WILLIAMS: I’ve been starting my classes by screening Dial M and Cave of Forgotten Dreams (both in "Stereo Visions"!), because they both address, in their own ways, a number of important points about the history of 3D and the way the format is used. My students are always surprised to learn that 3D films were possible before the 90s, so we burst that bubble right from the get-go with the Hitchcock. These films also allow me to address the institutionally-imposed conventions that we regularly see in cinema—its ties to theatre, to narrative, to representation—so we can then think about how the 3D format has been utilized in mainstream cinema and sold to audiences, and why it so frequently comes in and out of fashion. This is all a way of setting the table for our eventual break from these expectations, when we start looking at films that are more interested in tactility, embodiment, and abstraction. Once you understand that narrative and character psychology and even spatial integrity aren’t ontologically linked to what cinema as a medium is, it’s much easier to warm up to the nuances of 3D’s unique aesthetic vocabulary.

With "Stereo Visions," I can't rely as much on this development; most people won’t see the entire program, they’ll just come to some of it—maybe even only one or two of the shows—so I’ll give a bit of context before each screening, just so everyone knows what I was I thinking. But I have complete trust in Big Ears audiences. Their taste in music is as adventurous and accommodating to abstraction as any I know, so I think they’ll be game for most of the challenges this program has to offer. 

NOTEBOOK: In that context, what are some of the wilder films in the program you are excited to be showing? Some of the pieces are very rare, and all the more so because they need to be projected in technical circumstances many cinemas or festivals cannot provide.
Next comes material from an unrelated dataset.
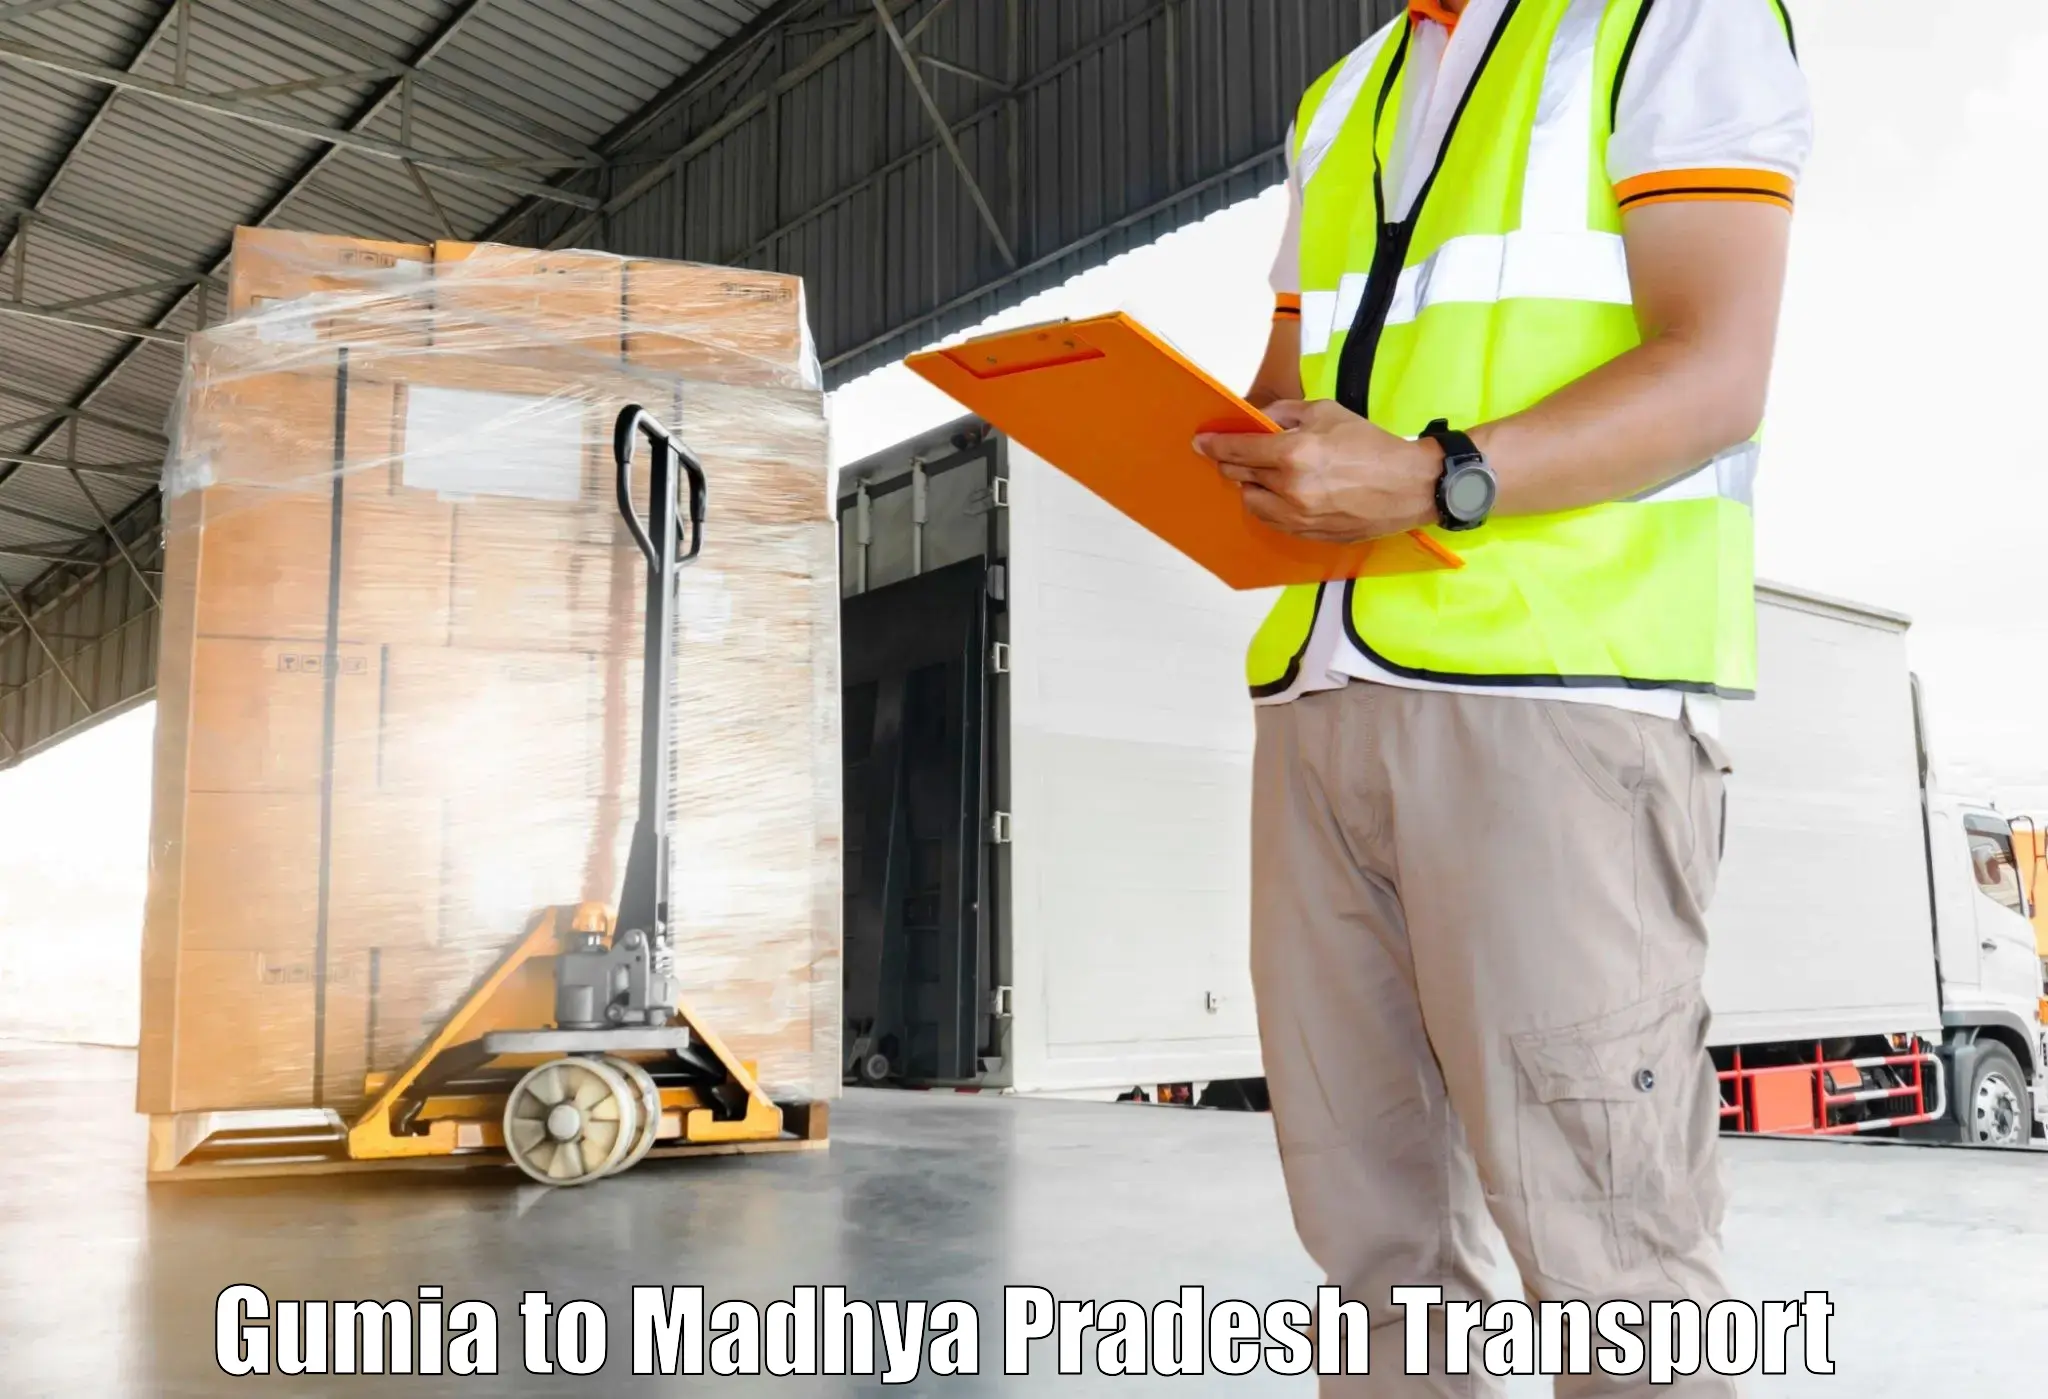 Delivery service Gumia to Barwani
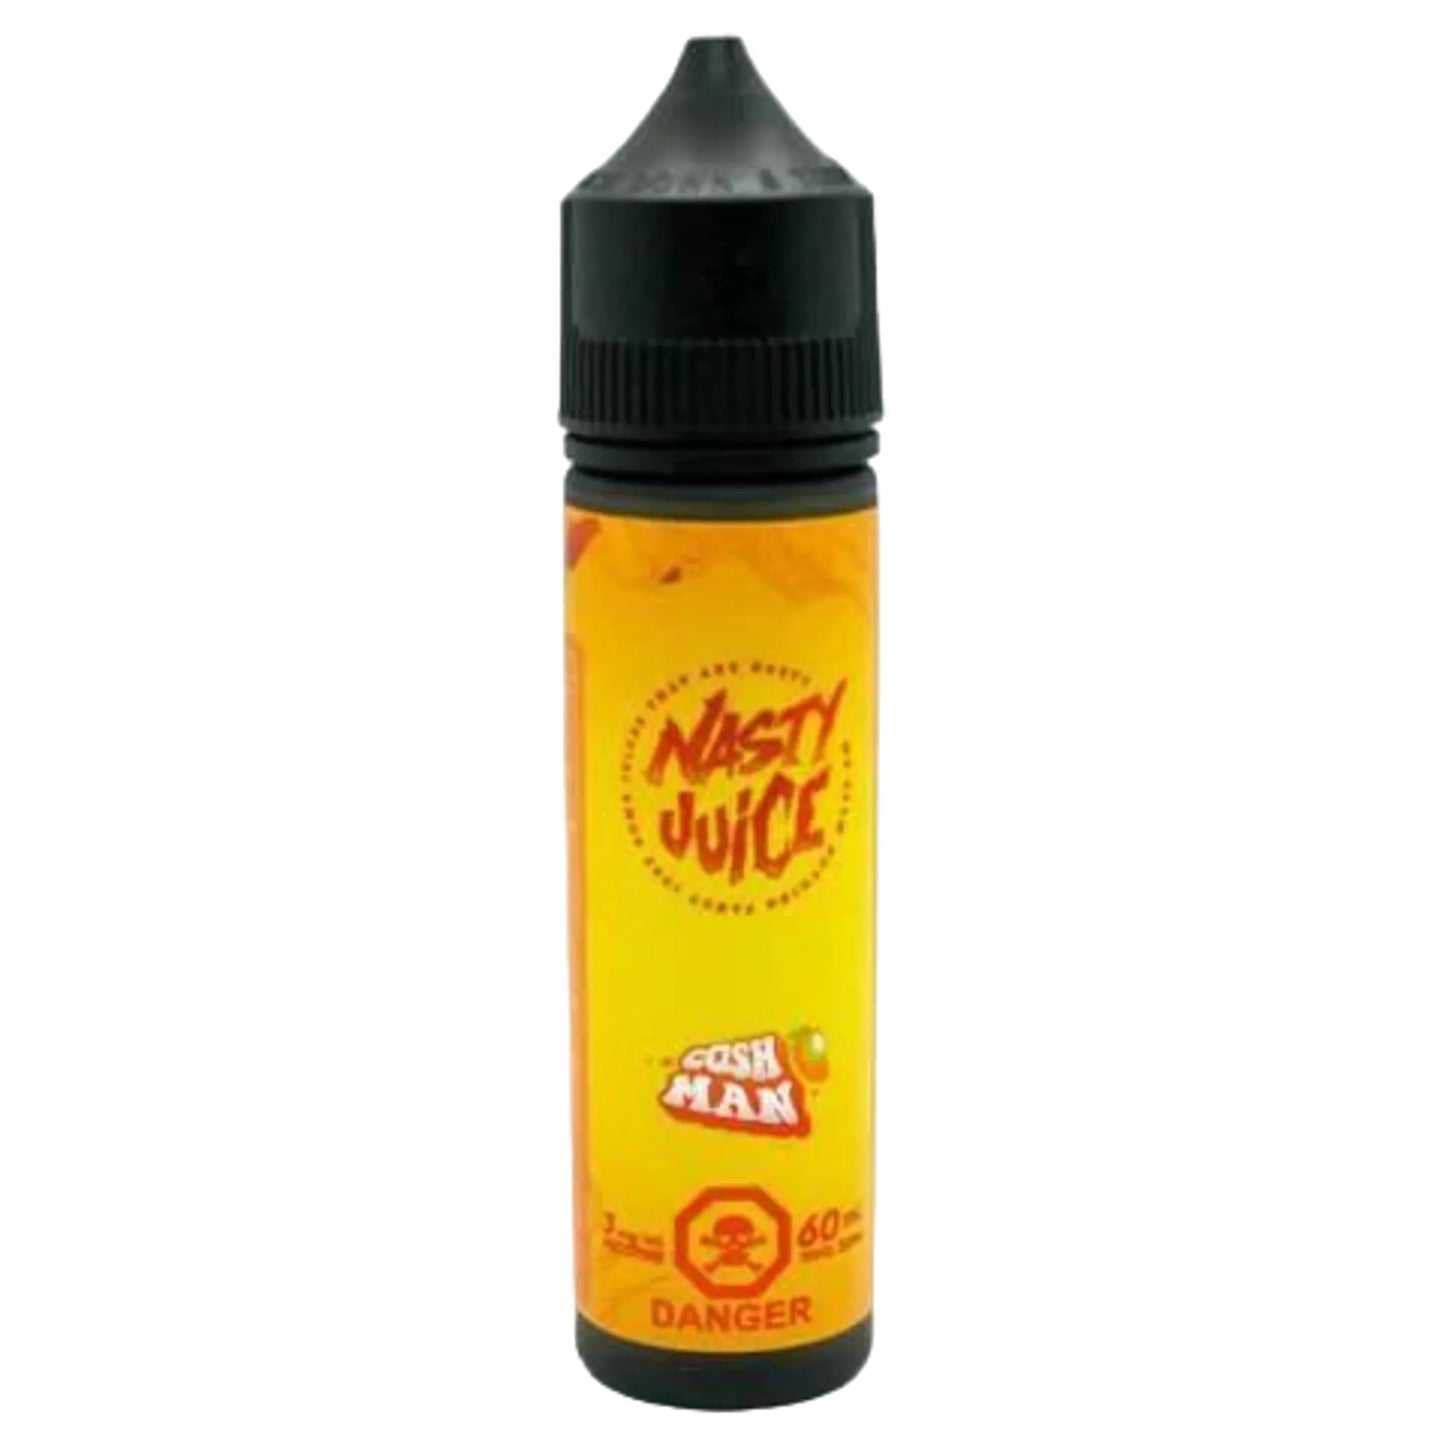 Nasty Juice - Cash Man (Cush Man) - 60 ml

WILLIAMS: So many! Well, I have to start with the four Ken Jacobs films we’re showing, which are among the most beautiful and the most rigorous in the program, and make a strong case for why he’s still considered such a major and influential figure after so many decades of 3D experimentation. Takashi Makino’s 2012 is the only film we’re showing that uses the Pulfrich method; it’s 30 minutes long, and one of the most hypnotic films I’ve ever seen. The 3D effects it generates are also highly unusual, almost spectral, and it reveals something fundamental about vision that I’d never encountered or considered before. Rainer Kohlberger's more than everything—which actually just had its world premiere in Rotterdam this January—is also something quite special. I’ve been a fan of his digital work—he calls it “noise” art—for a few years now; he’s really a master of the pixel, of algorithmic manipulation. more than everything is his first stereoscopic piece, and it creates an extremely unstable sensory experience by delivering unique visuals to each eye. 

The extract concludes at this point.